> [Exercise goal] Give the data below again exactly as written, but without the pictures.

> [Data extract]
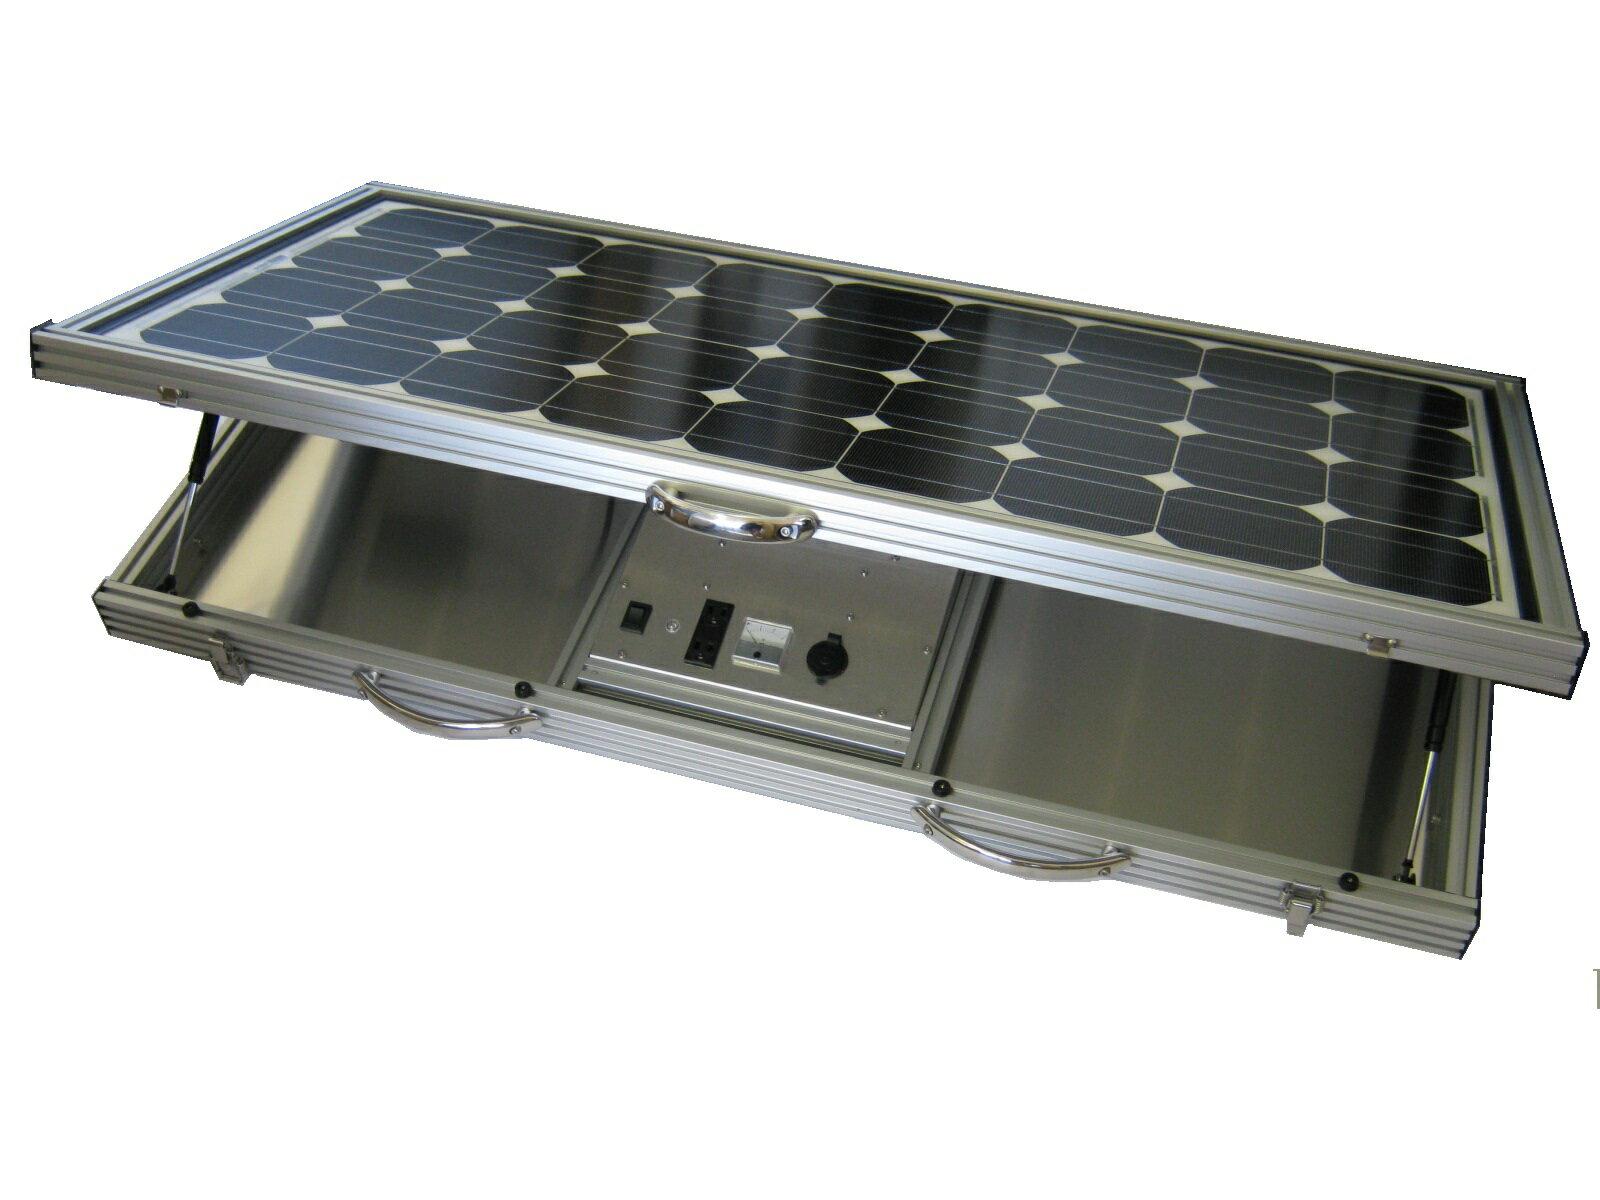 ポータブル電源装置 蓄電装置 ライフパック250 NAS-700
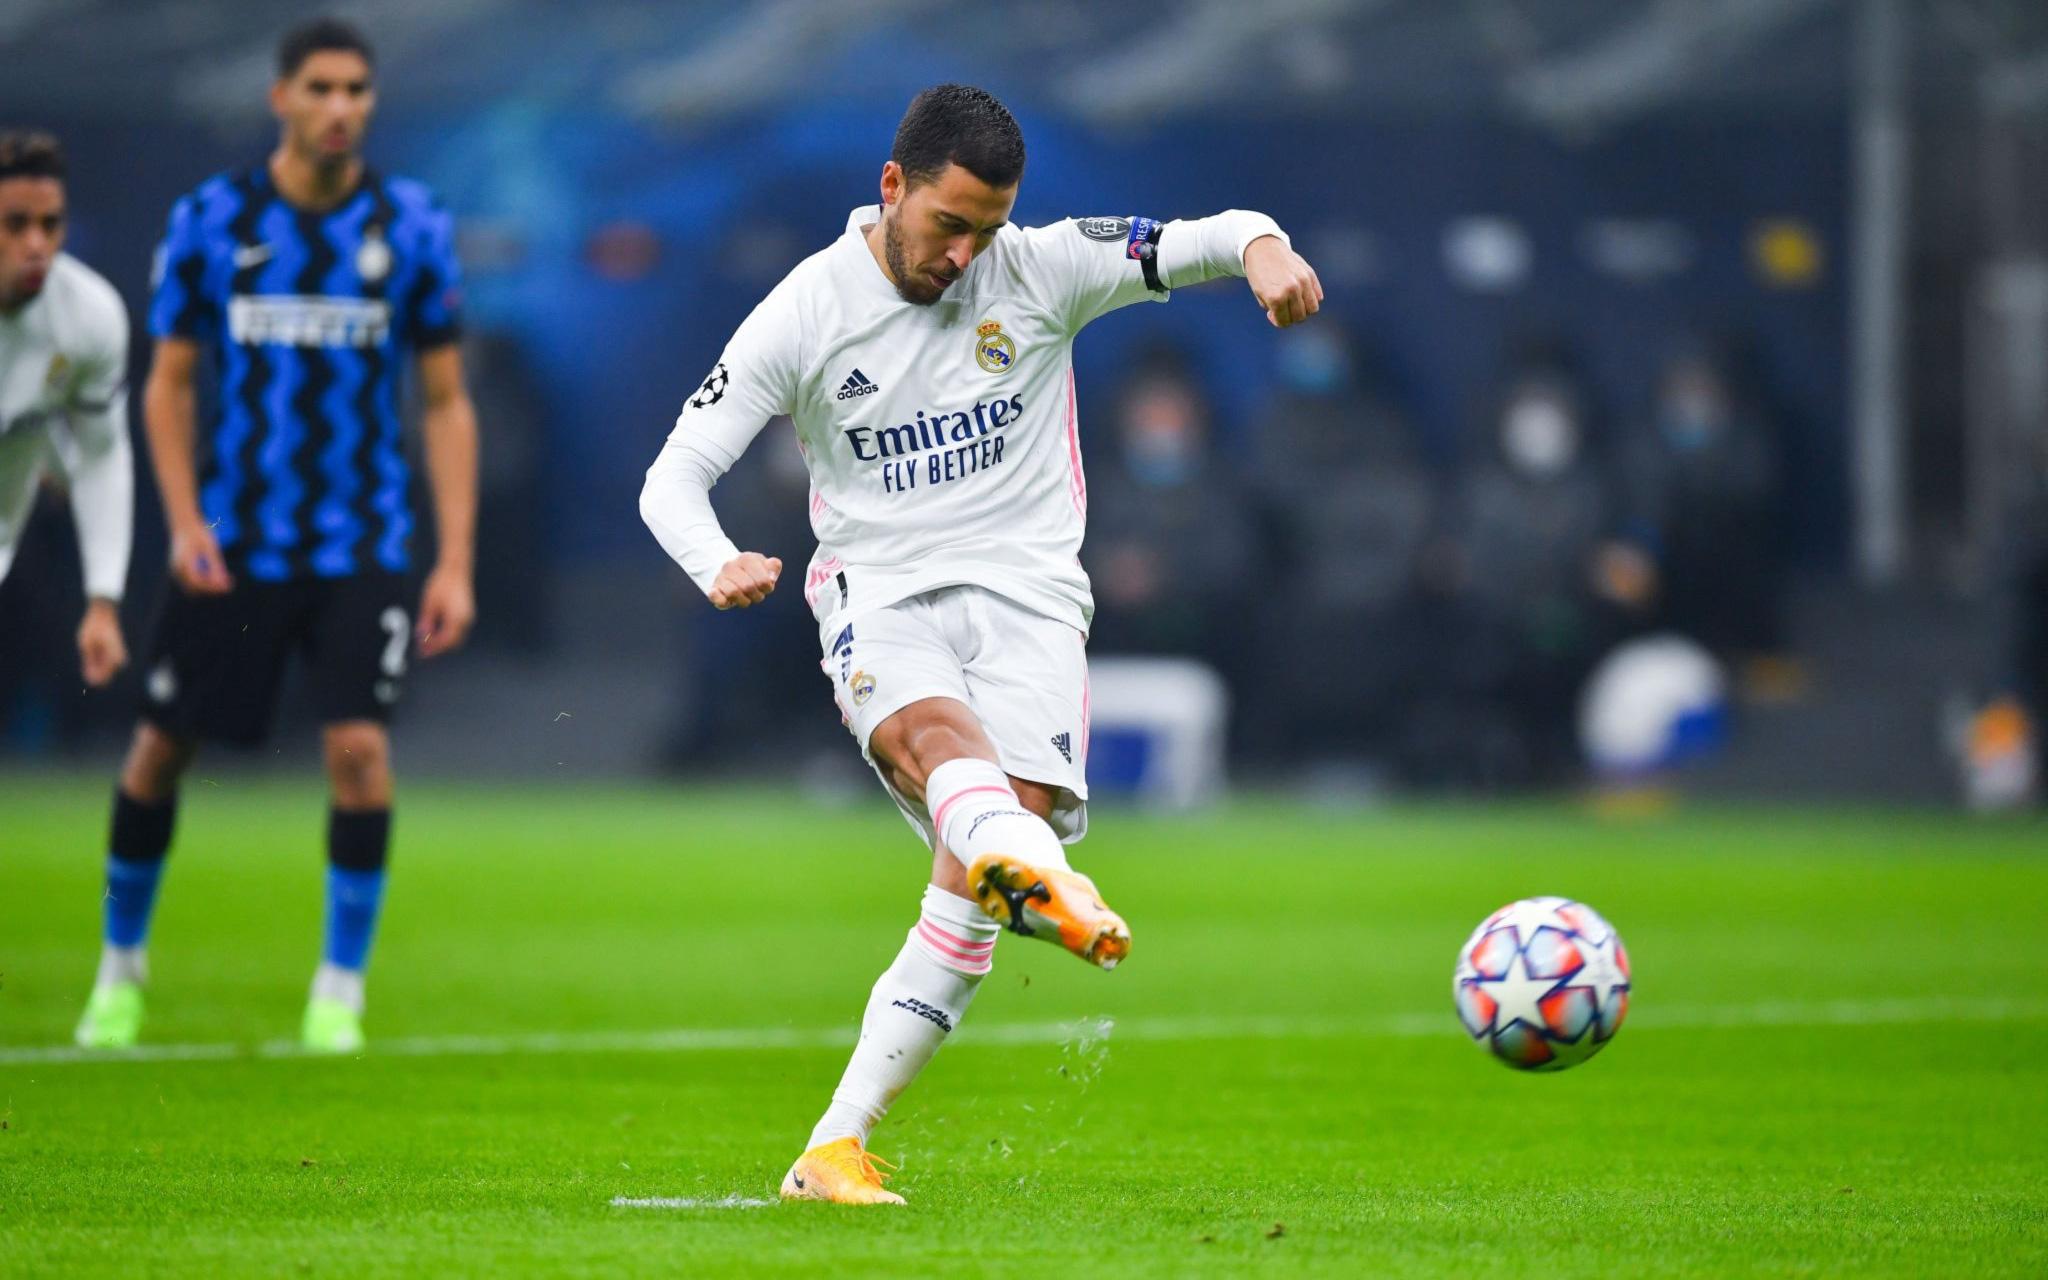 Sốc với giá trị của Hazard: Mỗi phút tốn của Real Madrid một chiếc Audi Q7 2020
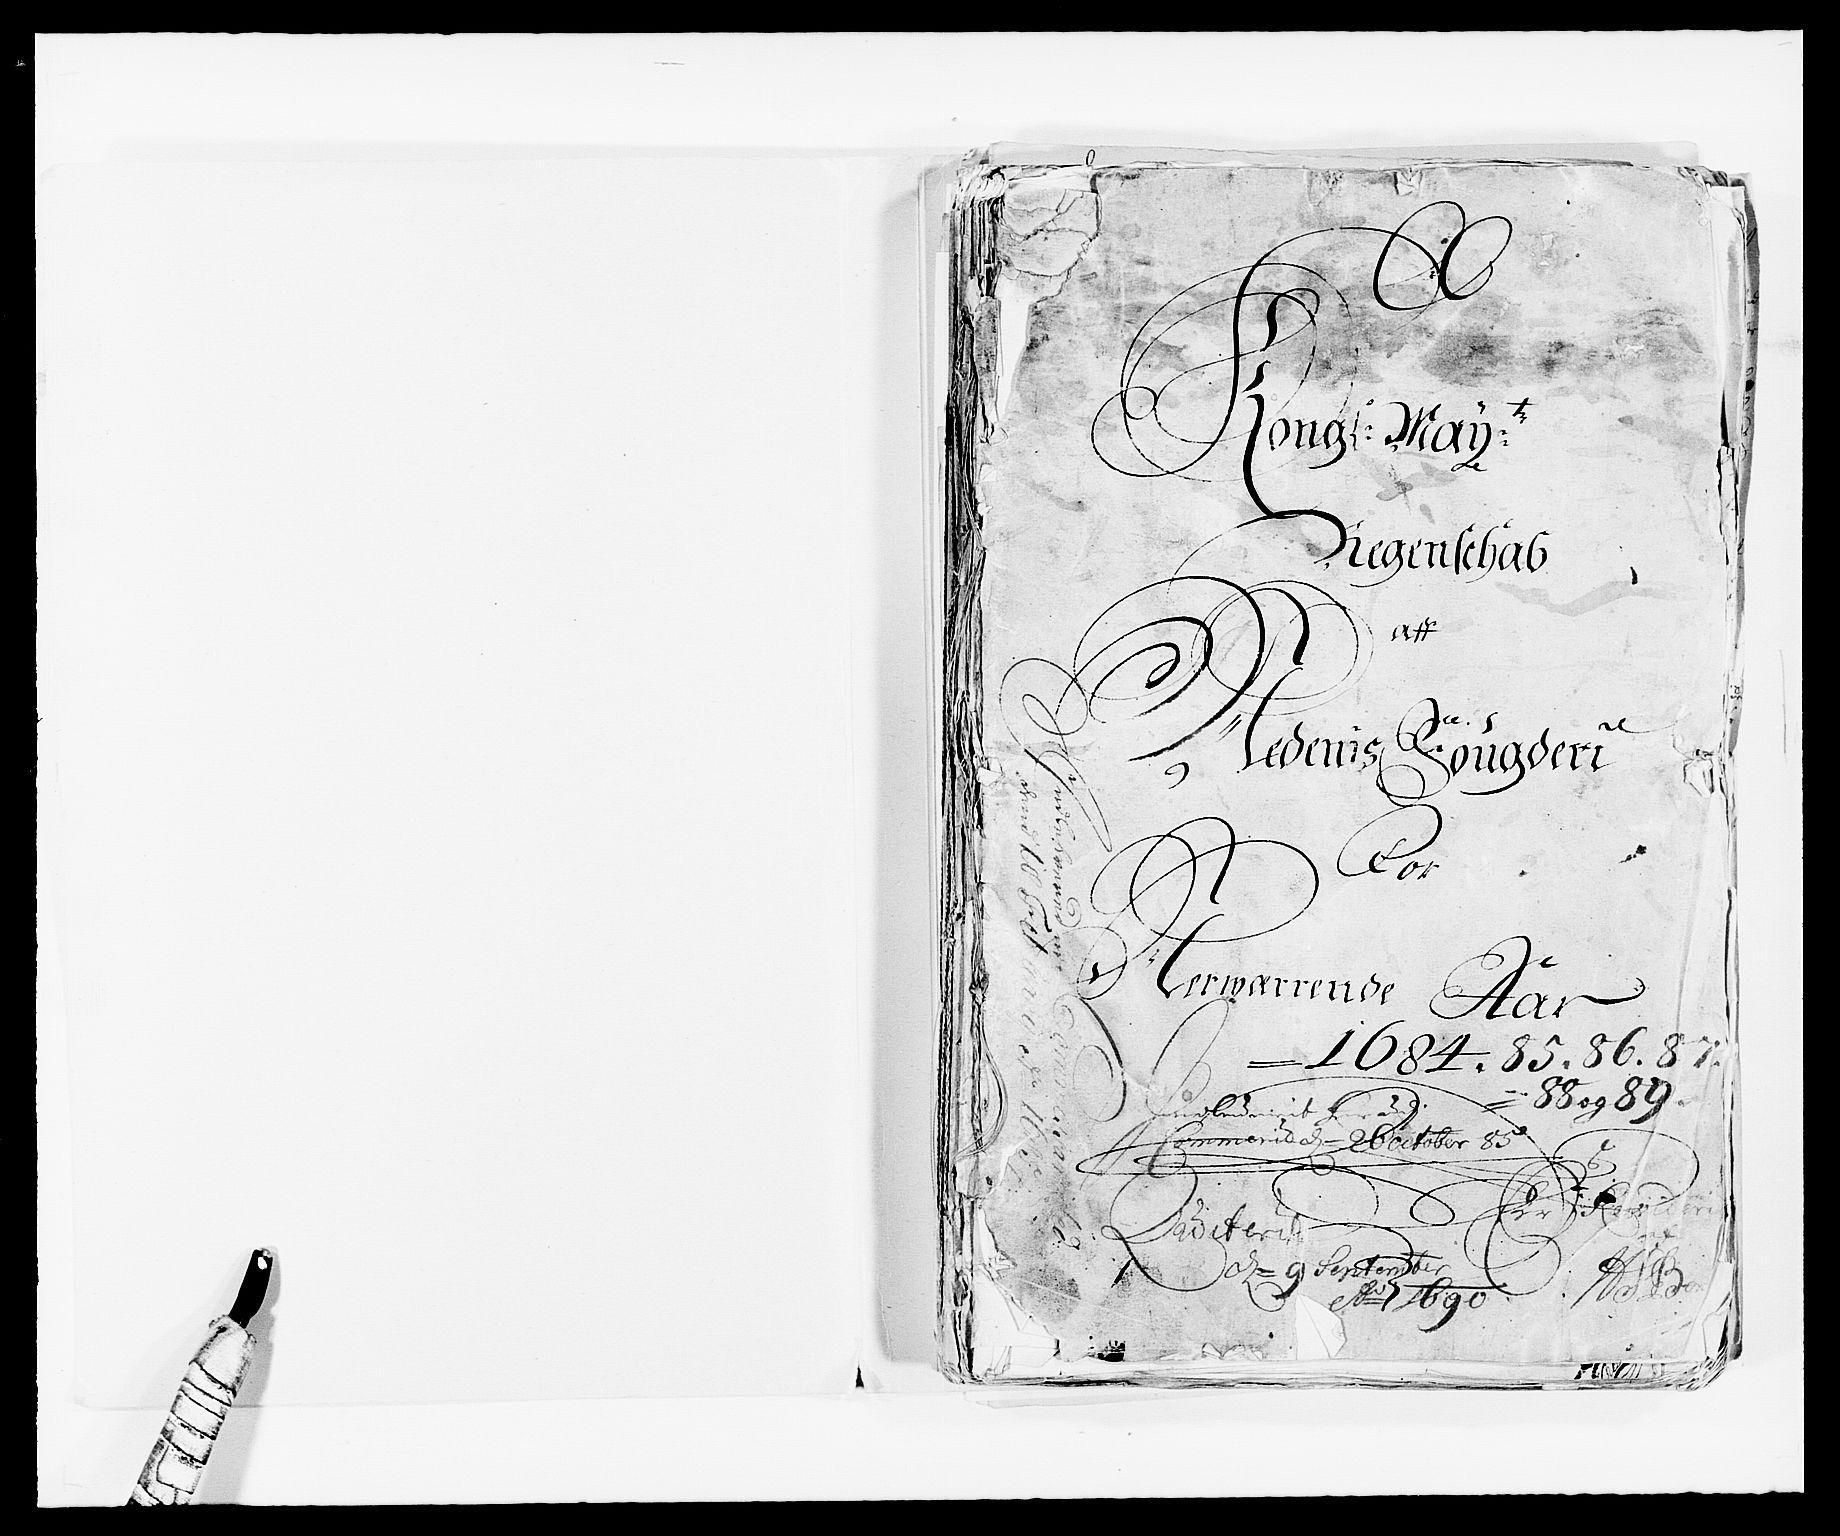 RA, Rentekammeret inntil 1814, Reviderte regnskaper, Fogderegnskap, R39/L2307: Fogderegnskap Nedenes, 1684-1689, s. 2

> [Solution for this problem]
 ポータブル電源装置 蓄電装置 ライフパック250 NAS-700
 Sốc với giá trị của Hazard: Mỗi phút tốn của Real Madrid một chiếc Audi Q7 2020
 RA, Rentekammeret inntil 1814, Reviderte regnskaper, Fogderegnskap, R39/L2307: Fogderegnskap Nedenes, 1684-1689, s. 2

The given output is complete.